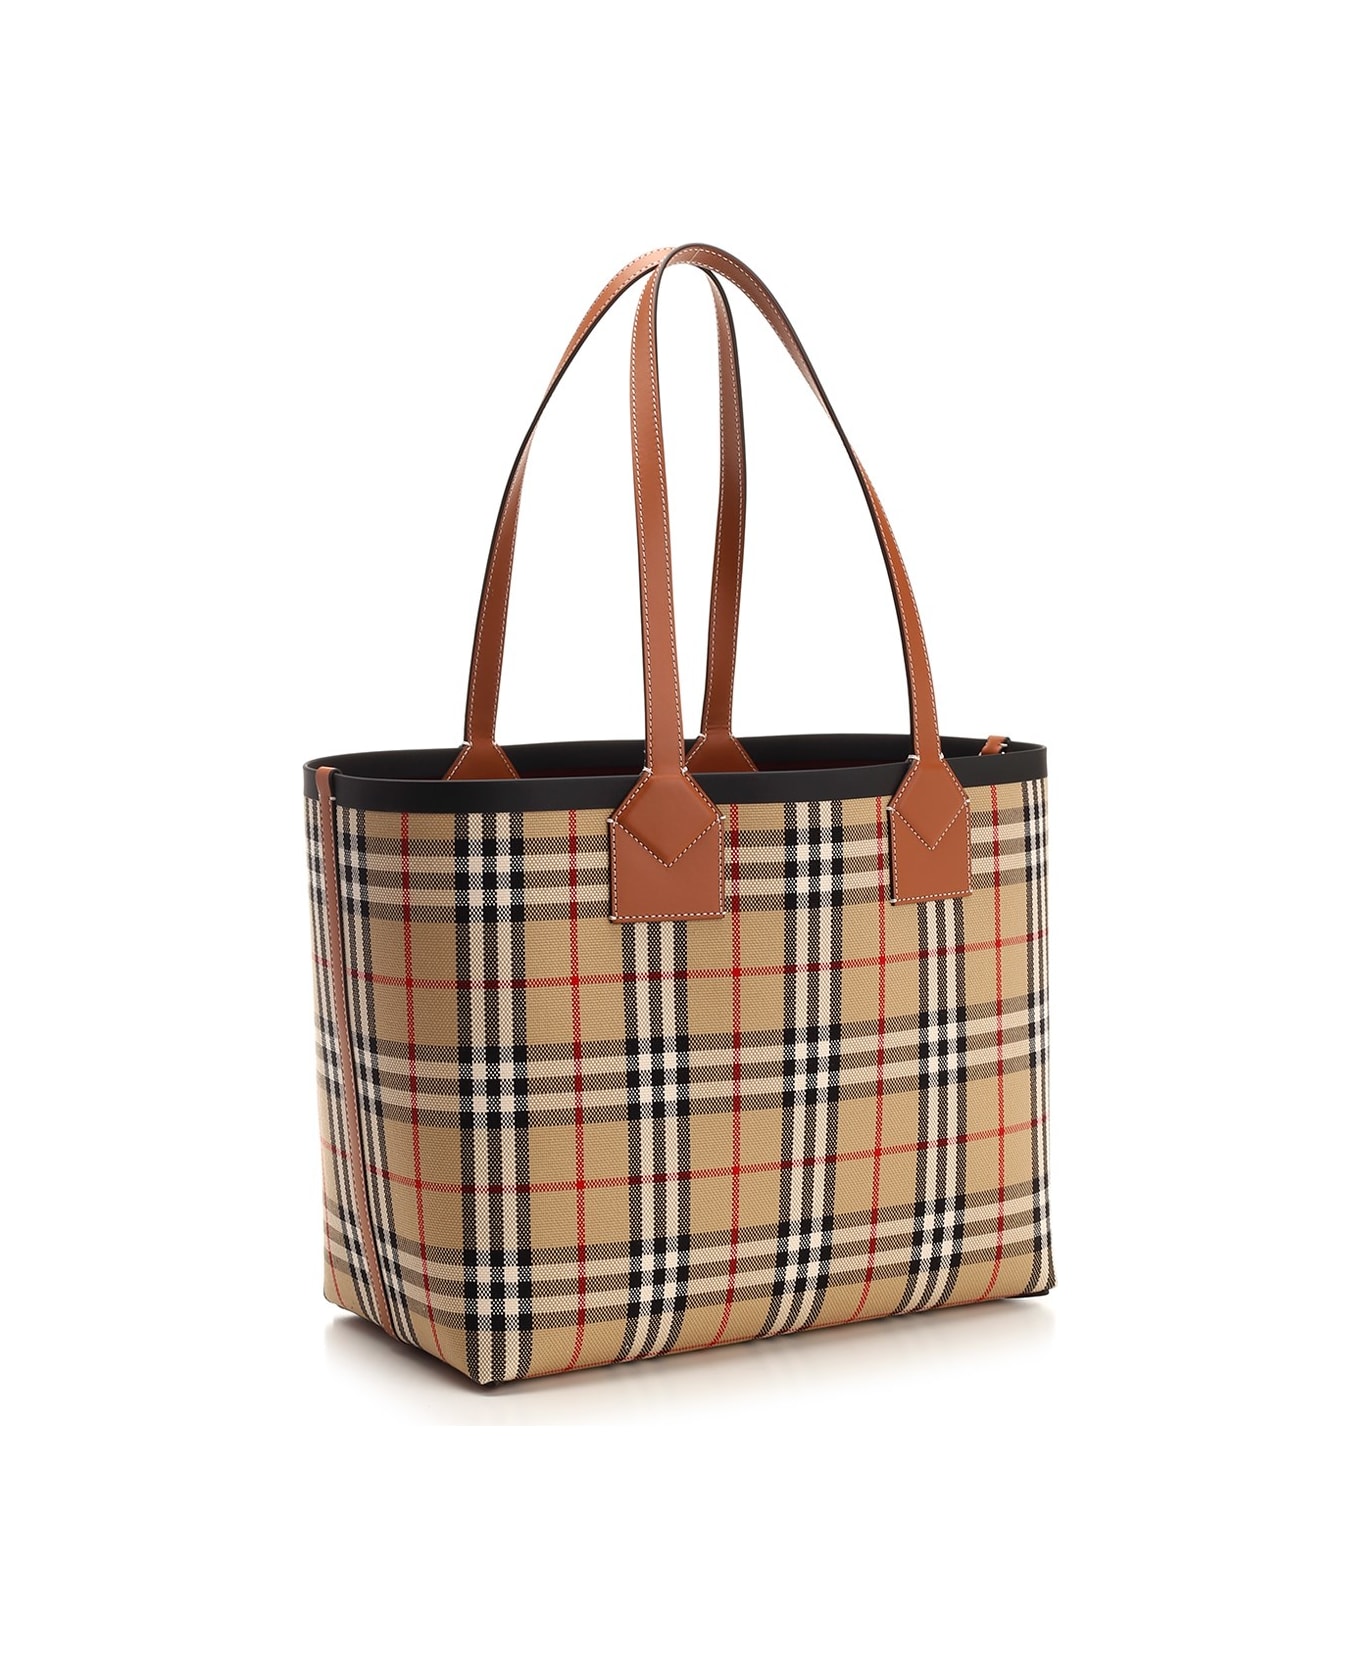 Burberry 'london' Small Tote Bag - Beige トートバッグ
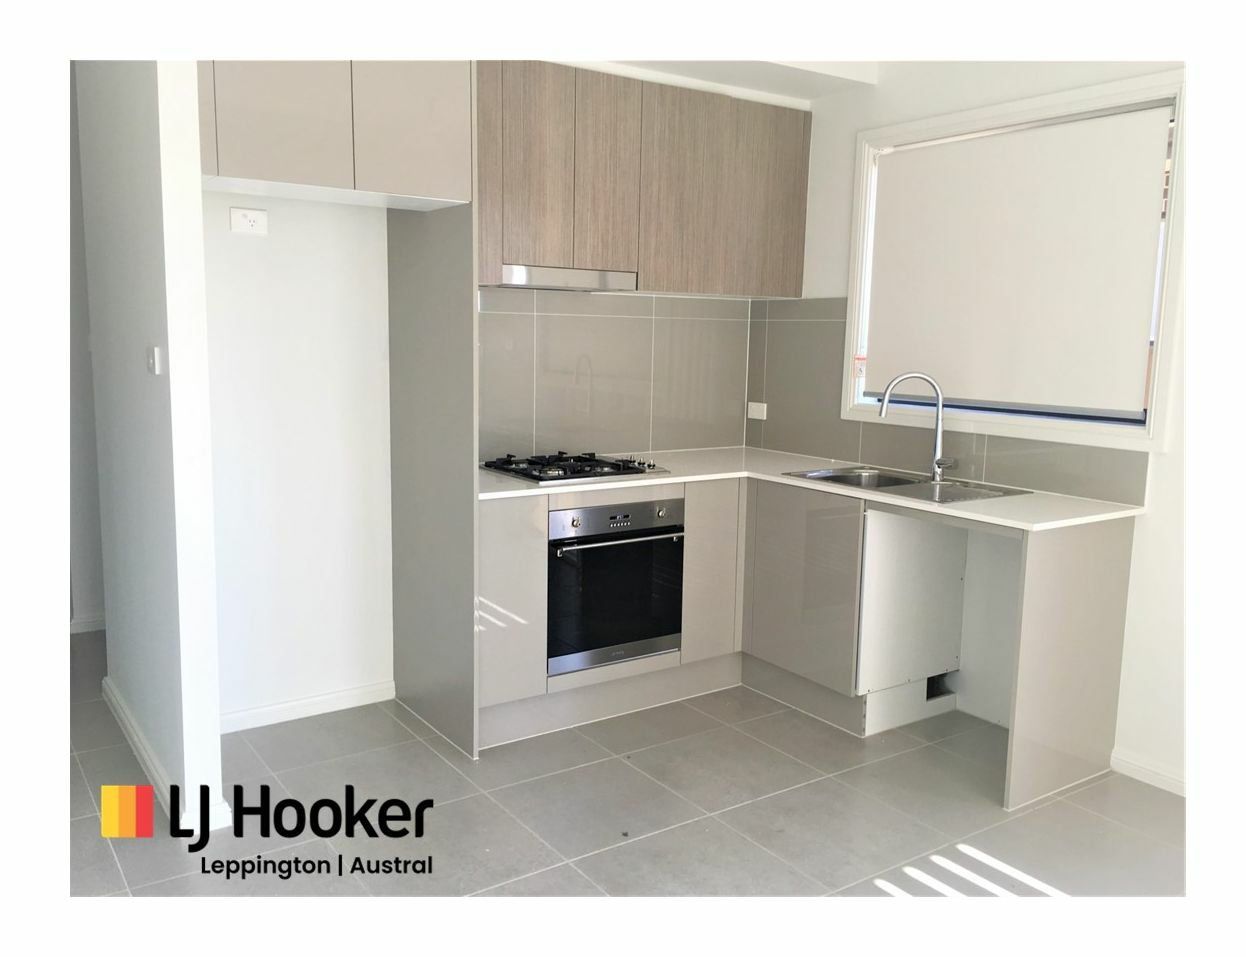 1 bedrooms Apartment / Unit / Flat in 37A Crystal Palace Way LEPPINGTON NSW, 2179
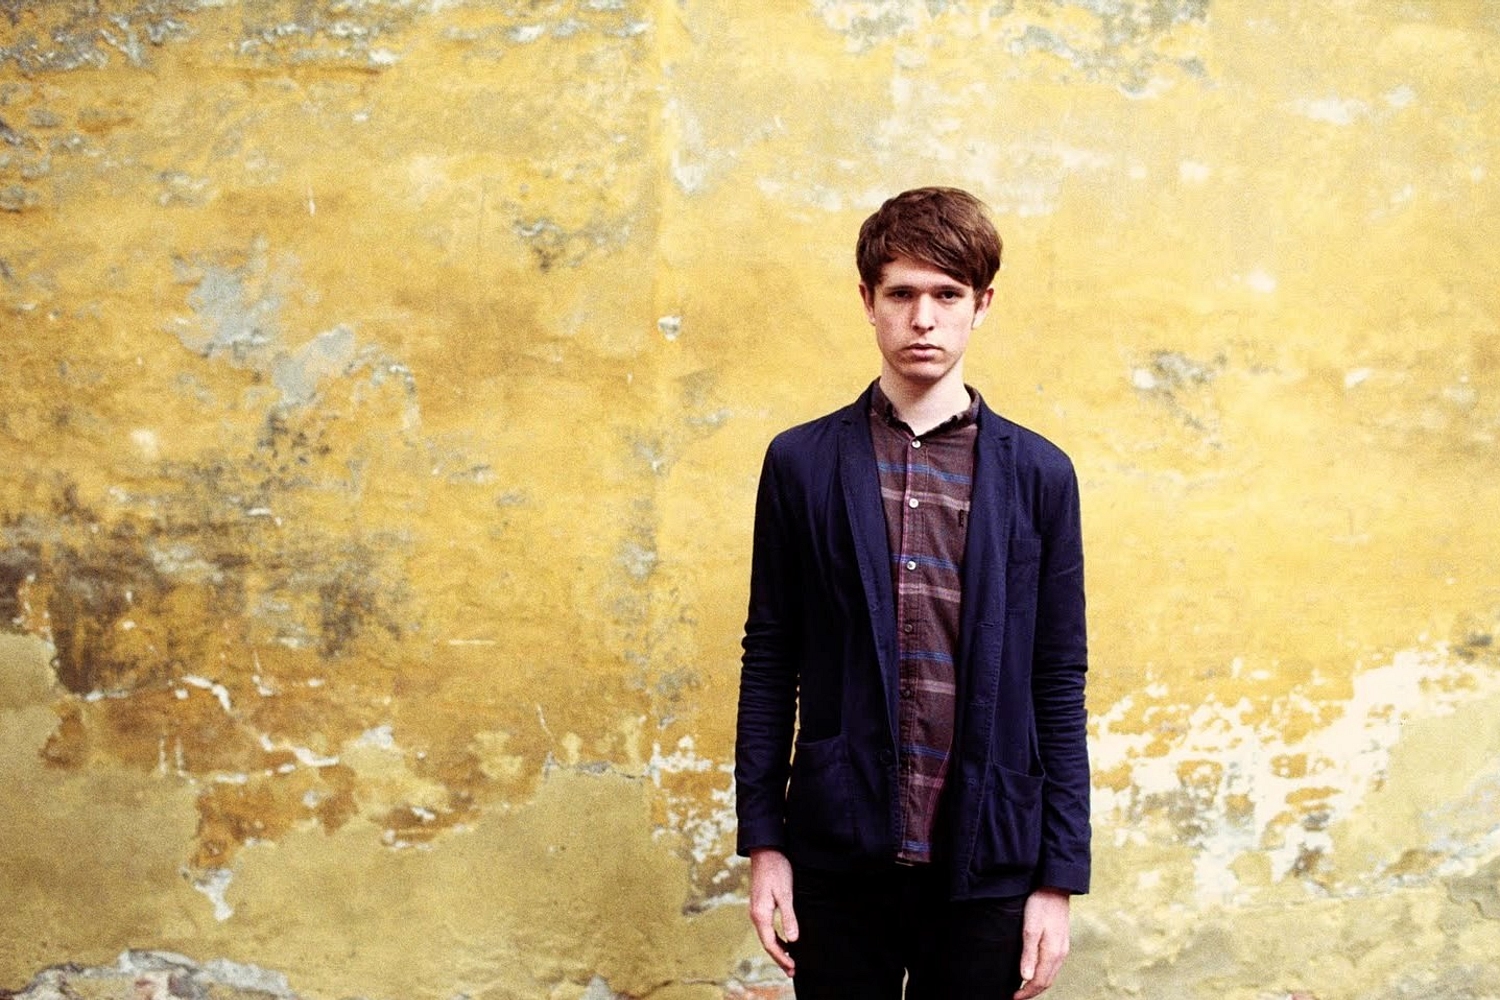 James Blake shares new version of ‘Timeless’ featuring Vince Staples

-=-=-=-=-

What to produce: From the first line to the last, set down the data exactly, without the pictures.

Completed task:
 Burberry 'london' Small Tote Bag - Beige トートバッグ
 1 bedrooms Apartment / Unit / Flat in 37A Crystal Palace Way LEPPINGTON NSW, 2179
 James Blake shares new version of ‘Timeless’ featuring Vince Staples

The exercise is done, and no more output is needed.